Yesterday National Review Online posted an article about a current court case that represents a significant threat to ObamaCare. Halbig v. Sebelius (since renamed Halbig v. Burwell, for the current HHS secretary) was argued before a three-judge panel of the U.S. Court of Appeals for the D.C. Circuit Court in March. The case involves the government subsidies paid by the exchanges included in ObamaCare.

The article states:

If the Supreme Court ultimately finds that the Obama administration violated the law in doling out those subsidies, it could force a wholesale revision of Obamacare. In January, The Hill quoted a key Obamacare supporter as saying that Halbig was “probably the most significant existential threat to the Affordable Care Act.” Jonathan Turley, a noted liberal constitutional-law expert at George Washington Law School, recently agreed, writing in the Los Angeles Times that Halbig “could leave Obamacare on life support.”

…The Halbig plaintiffs — individuals and small businesses in six states that didn’t establish state exchanges — argue that the Obama administration is breaking the law by offering those tax subsidies in all 50 states. The plaintiffs argue that if the subsidies hadn’t been offered in their states, they would have been exempted from the individual-mandate penalties of Obamacare because they couldn’t have afforded to pay for health coverage.

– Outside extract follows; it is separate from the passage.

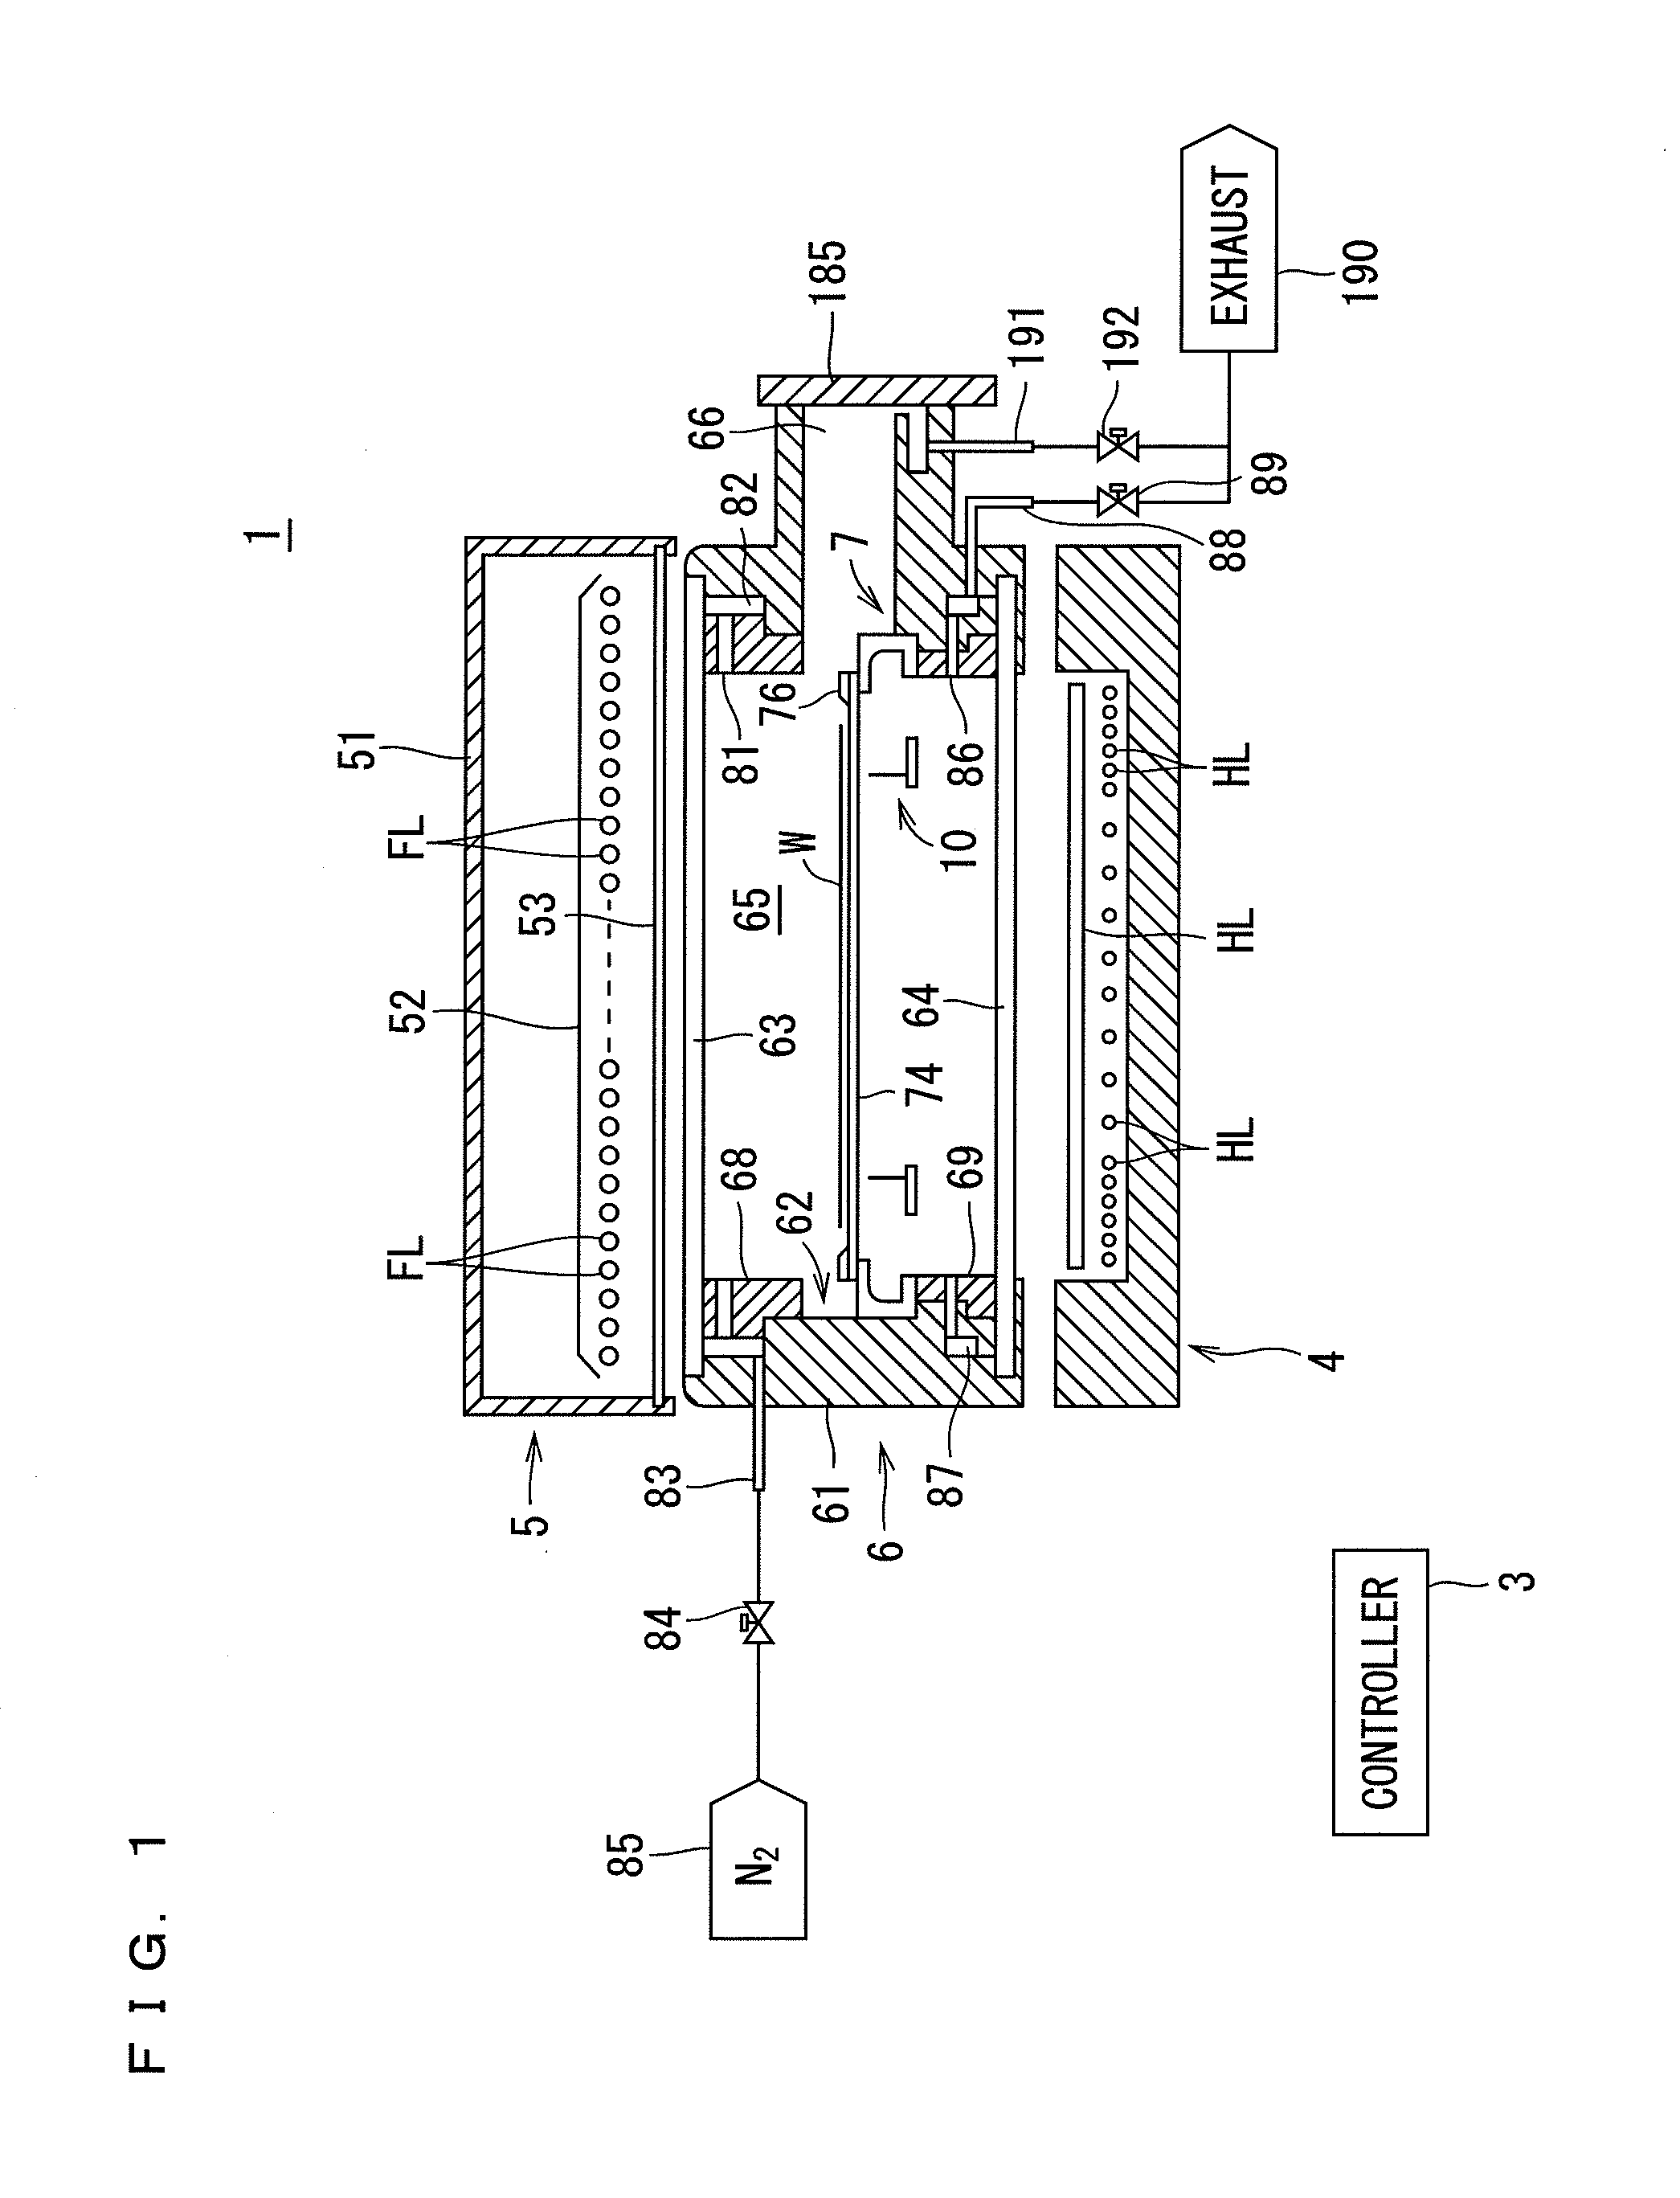 Heat treatment apparatus for heating substrate by irradiation with flash light

I have no idea how this case will be decided. The writer of the article believes that if the case is decided against ObamaCare it will force Congress and the President to make positive changes in the law (particularly if a Republican Congress is elected).

The U.S. Court of Appeals for the D.C. Circuit is expected to rule on this case within the next week.

 

The Internal Revenue Service As A Political Force

We haven’t heard much lately about the Internal Revenue Service‘s (IRS) targeting of conservative groups, but Investor’s Business Daily posted an editorial yesterday illustrating another aspect of IRS involvement in the 2012 election.

The article explains:

At the same time the IRS harassed Republican nonprofit groups during the 2012 political campaign, it selectively advised black churches and other Democrat nonprofits on how far they can go in campaigning for President Obama and other Democrats.

…U.S. tax code prohibits churches and other nonprofits from “participating or intervening in any political campaign on behalf of, or in opposition to, any candidate for public office.”

The ban includes donations, endorsements, fundraising or any other activity “that may be beneficial or detrimental to any particular candidate.” In the past, black churches have been known to pass out voting guides to members in violation of IRS rules.

Washington constitutional scholar Jonathan Turley at the time blogged that the special campaign training session offered these Obama supporters — with the direct participation of the IRS chief and attorney general — was a “raw” display of political favoritism.

“If (former GOP Attorney General) Alberto Gonzalez went to Congress to brief evangelical religious leaders on campaigning in the presidential election, the hue and cry would be deafening,” Turley said.

Non-black clergy were not afforded the same legal training in campaigning tactics by the Obama administration.

First of all, I have very mixed emotions about the whole idea of churches not being allowed to be politically involved. Theoretically, the church is the moral backbone of America and should be allowed to speak out on political or moral issues that impact America. The law that bars political speech in the church was enacted by Lyndon Johnson in response to a political opponent who was getting support in local churches–it has nothing to do with the U.S. Constitution. In fact, if you study American history, you find that the church has often spoken out about political and moral issues in the past.

The uneven enforcement of the law is one of the major aspects of the Eric Holder Justice Department and the politicized IRS. It is time to remove these people from Washington and return America to a place where all men are equal under the law.